I have dask gateway deployed in kubernetes for the past few months. Its been used by quite a few teams but one of my users came back with a concern that the client was exiting during usage with no error or a client connection failed error. I have been able to reproduce it but I’m scratching my head as to where its coming from. I’ve tried increasing the LB and checking versions and all the versions seem to match for the dask cluster. Anyone have any ideas?

amcnair · December 15, 2022, 6:26pm

Here are our versions
{‘scheduler’: {‘host’: {‘python’: ‘3.7.13.final.0’, ‘python-bits’: 64, ‘OS’: ‘Linux’, ‘OS-release’: ‘5.4.209-116.367.amzn2.x86_64’, ‘machine’: ‘x86_64’, ‘processor’: ‘x86_64’, ‘byteorder’: ‘little’, ‘LC_ALL’: ‘en_US.UTF-8’, ‘LANG’: ‘en_US.UTF-8’}, ‘packages’: {‘python’: ‘3.7.13.final.0’, ‘dask’: ‘2022.02.0’, ‘distributed’: ‘2022.02.0’, ‘msgpack’: ‘1.0.4’, ‘cloudpickle’: ‘2.2.0’, ‘tornado’: ‘6.2’, ‘toolz’: ‘0.12.0’, ‘numpy’: ‘1.19.5’, ‘pandas’: ‘1.1.5’, ‘lz4’: None, ‘blosc’: None}}, ‘workers’: {}, ‘client’: {‘host’: {‘python’: ‘3.7.13.final.0’, ‘python-bits’: 64, ‘OS’: ‘Linux’, ‘OS-release’: ‘5.4.0-1092-aws’, ‘machine’: ‘x86_64’, ‘processor’: ‘x86_64’, ‘byteorder’: ‘little’, ‘LC_ALL’: ‘en_US.UTF-8’, ‘LANG’: ‘C.UTF-8’}, ‘packages’: {‘python’: ‘3.7.13.final.0’, ‘dask’: ‘2022.02.0’, ‘distributed’: ‘2022.02.0’, ‘msgpack’: ‘1.0.4’, ‘cloudpickle’: ‘2.2.0’, ‘tornado’: ‘6.2’, ‘toolz’: ‘0.12.0’, ‘numpy’: ‘1.19.5’, ‘pandas’: ‘1.1.5’, ‘lz4’: None, ‘blosc’: None}}}

amcnair · December 21, 2022, 7:38pm

One thing I noted in the scheduler logs was this but I’m not sure why it happens

(‘INFO’,
‘distributed.scheduler - INFO - Remove client Client-7626f7ae-8166-11ed-bc46-126628f3adf1’),
(‘DEBUG’,
‘distributed.scheduler - DEBUG - Client Client-7626f7ae-8166-11ed-bc46-126628f3adf1 releases keys: ’),
(‘DEBUG’,
‘distributed.scheduler - DEBUG - Finished handling client Client-7626f7ae-8166-11ed-bc46-126628f3adf1’),
(‘INFO’,
‘distributed.scheduler - INFO - Close client connection: Client-7626f7ae-8166-11ed-bc46-126628f3adf1’),
(‘INFO’,
‘distributed.scheduler - INFO - Receive client connection: Client-7626f7ae-8166-11ed-bc46-126628f3adf1’),
(‘DEBUG’,

tracycarley · January 10, 2023, 3:41pm

@guillaumeeb Do you have any idea on the above?

ncclementi · January 10, 2023, 4:23pm

The dask, distributed, python, and rest of the library versions are quite old. Is there a chance you can upgrade the version of the packages and see if the problem persist?

There is a recent version of dask-gateway as well.

cc: @jacobtomlinson maybe you have something else you can add?
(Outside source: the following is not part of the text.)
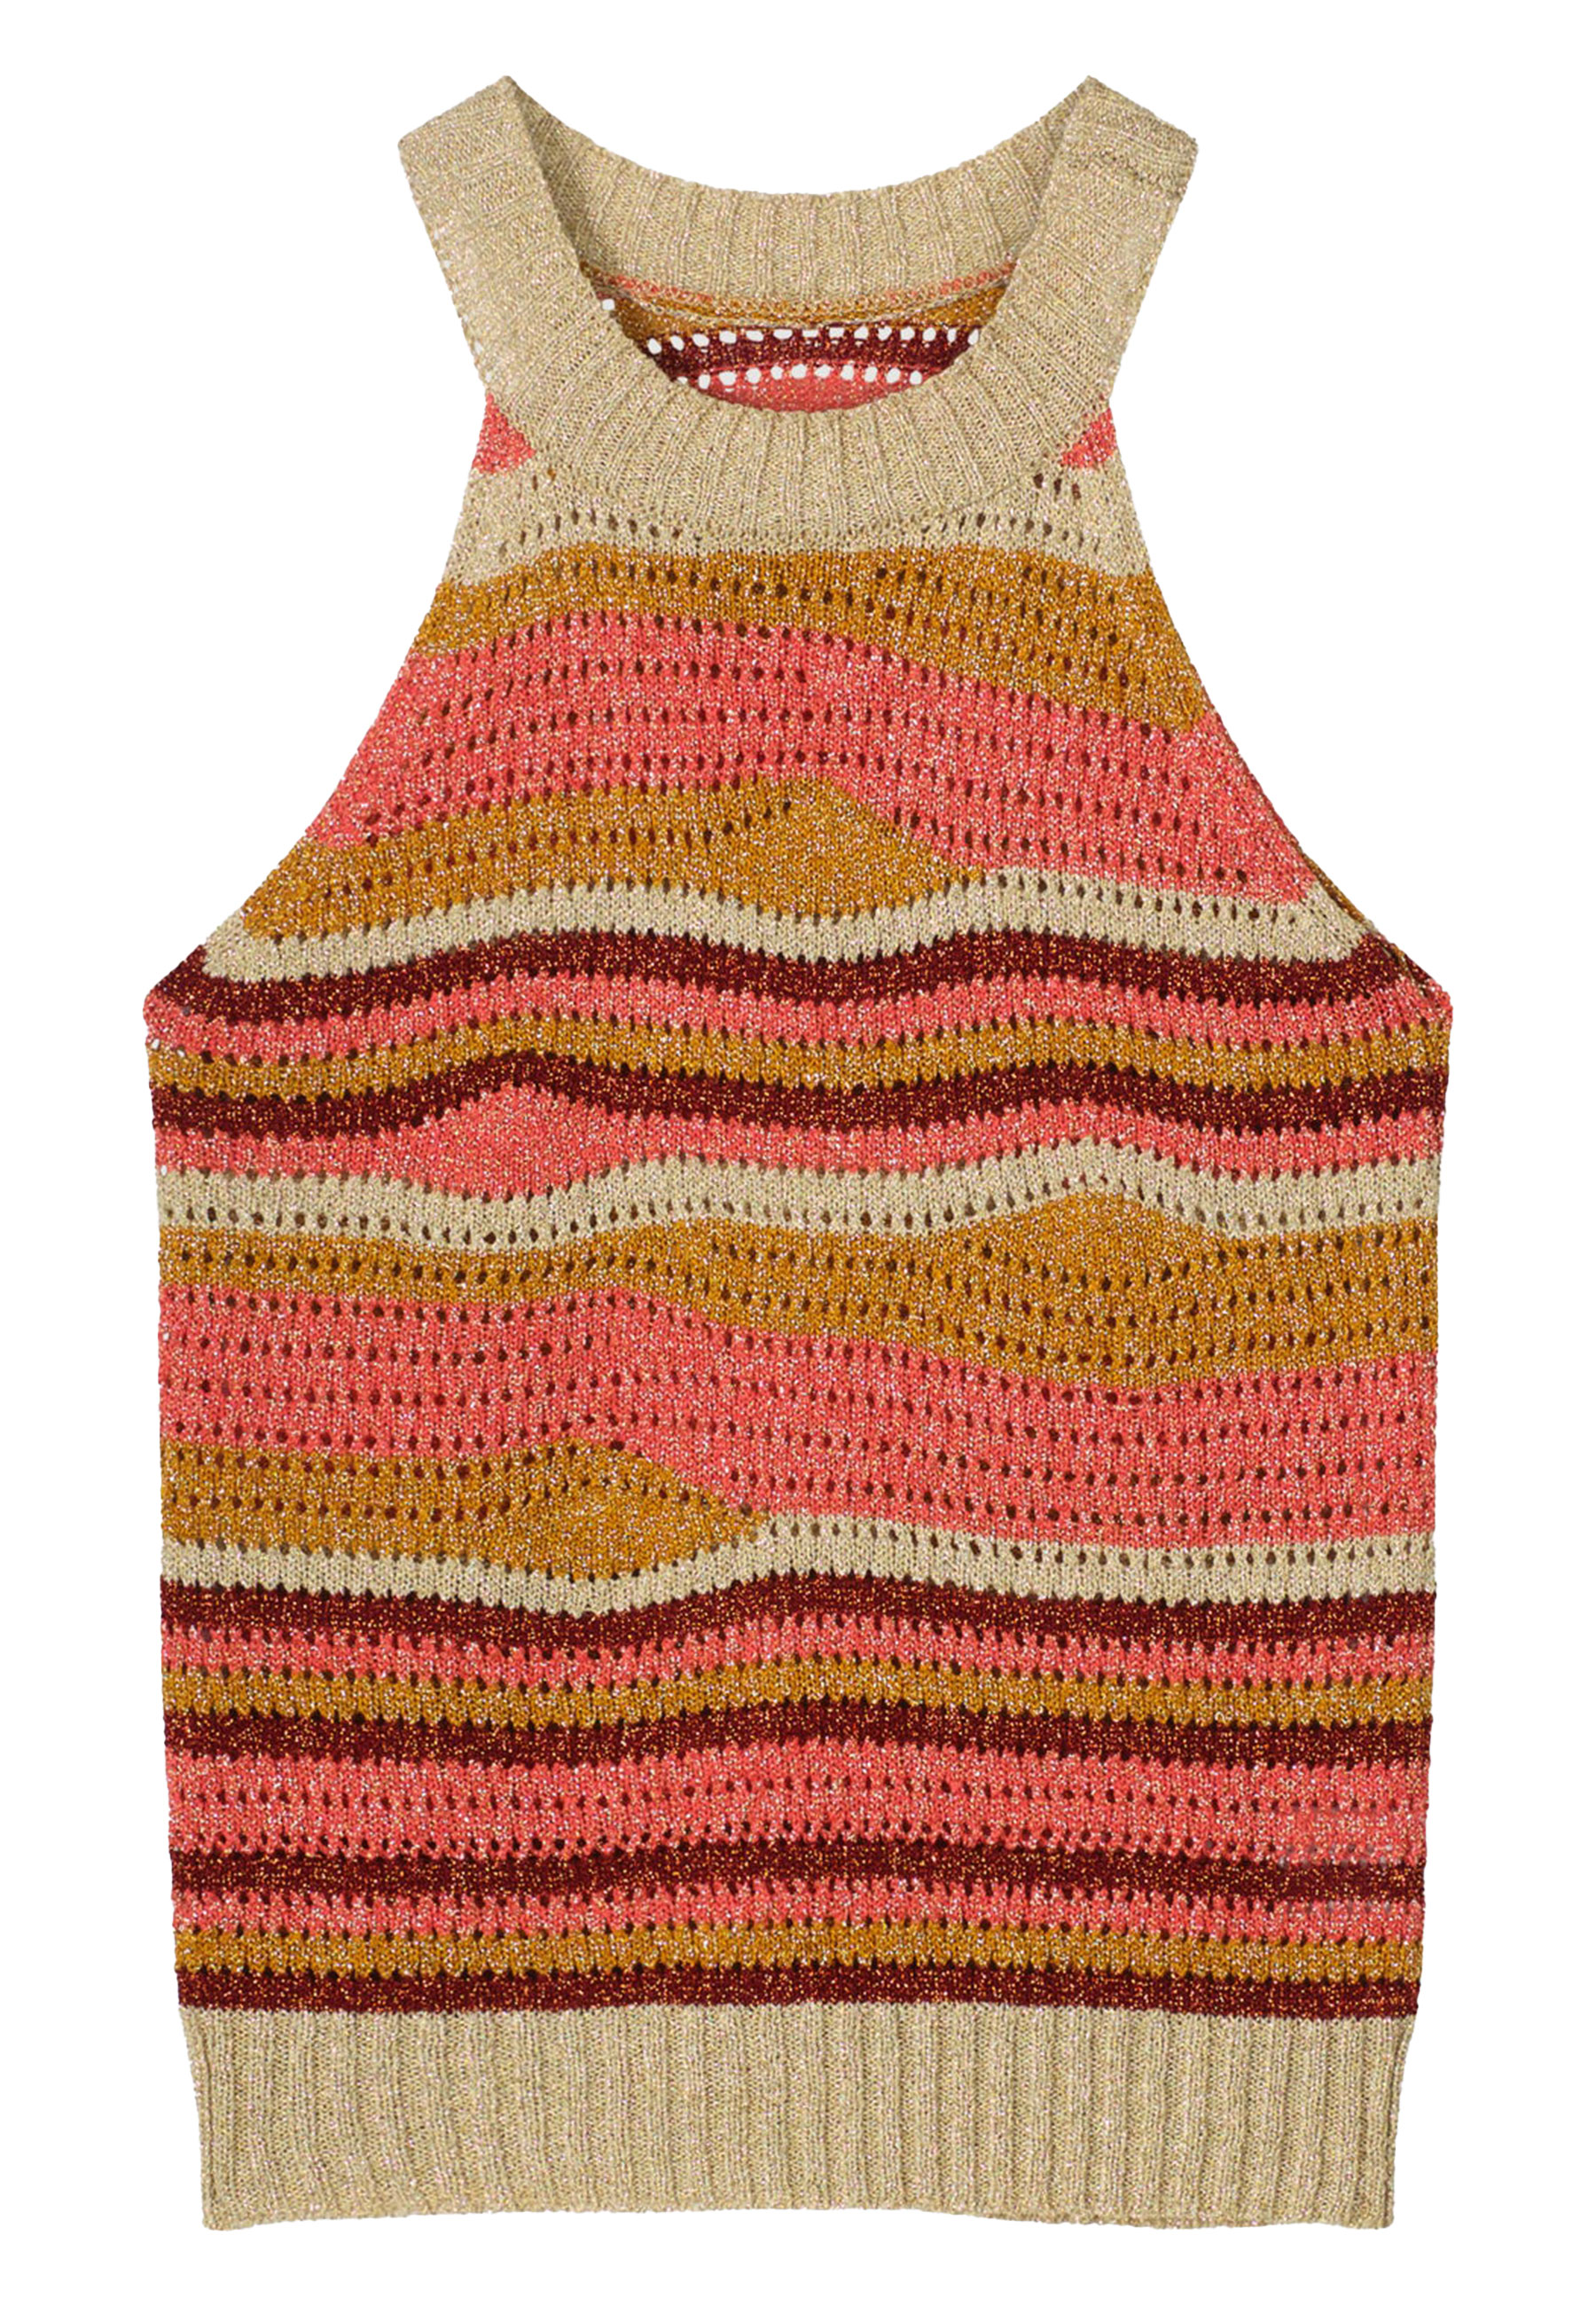 7s5841-7990 Halter top lurex swirl knit

amcnair · January 10, 2023, 5:46pm

Unfortunately, we are a bit stuck due to wanting to maintain the same python version(3.7) over our monorepo.

guillaumeeb · January 15, 2023, 4:38pm

Hi @amcnair,

Could you give more inputs here? Do you use daskhub or only dask-gateway, what is your client setup? What is you reproducer of the problem, which error occurs when you see one? What actually means the client is exiting?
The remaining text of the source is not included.